5.3 If for any reason, a Venturer sustains any liabilities or is required to pay any losses arising out of or directly connected with the construction of the Project which are i n
excess of its Percentage of Participation, in the Joint Venture, the other Venturer shal l
promptly reimburse such Venturer this excess, so that each and every member of the
Joint Venturer will then have paid its proportionate share of such losses to the full
extent of its Percentage of Participation.
5.4 The Venturers agree to indemnify each other and to hold the other harmless from, any and all losses of the Joint Venture that are in excess of such other Venturer's
Percentage of Participation. Provided that the provisions of this subsection shall be
limited to losses that are directly connected with or arise out of the performance of
the Project and shall not be relate to or include any incidental, indirect or
consequential losses that may be sustained or suffered by a Party.

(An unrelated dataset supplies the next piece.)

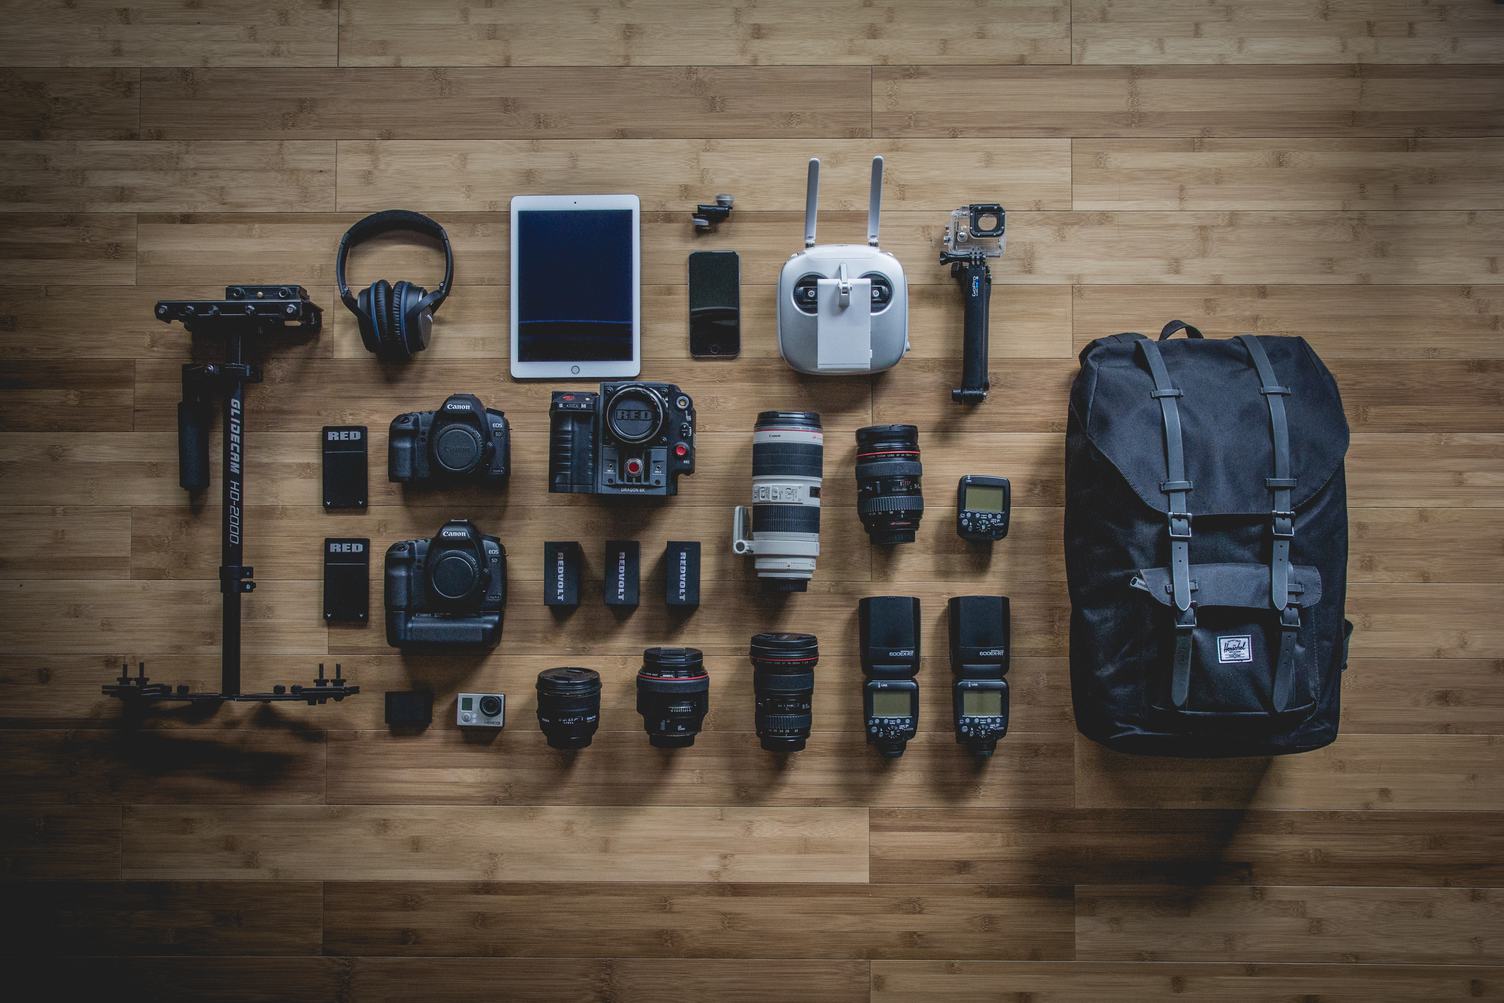 Diverse Personal Photographer Equipment Laying on the Wooden Floor

5.5 INITIAL CONTRIBUTION OF THE VENTURE. (a) The Venturers shall contribute the Property to the Venture and their Capital Account shall each be credited with the appropriate value of such contribution
in accordance with their Venture interests.
(b) Except as otherwise required by law or this Agreement, the Venturers shall not be required to make any further capital contributions to the Venture.
5.6 VENTURE INTERESTS Upon execution of this Agreement, the Venturers shall each own the following
interests in the Venture:
Joint Venture Partner: Percentage
(a) ________________________________
(b) ________________________________
5.7 RETURN OF CAPITAL CONTRIBUTIONS. (a) No Venturer shall have the right to withdraw his capital contributions or demand or receive the return of his capital contributions or any part thereof,
except as otherwise provided in this Agreement.
(b) The Venturers shall not be personally liable for the return of capital contributions or any part thereof, except as otherwise provided in this
Agreement.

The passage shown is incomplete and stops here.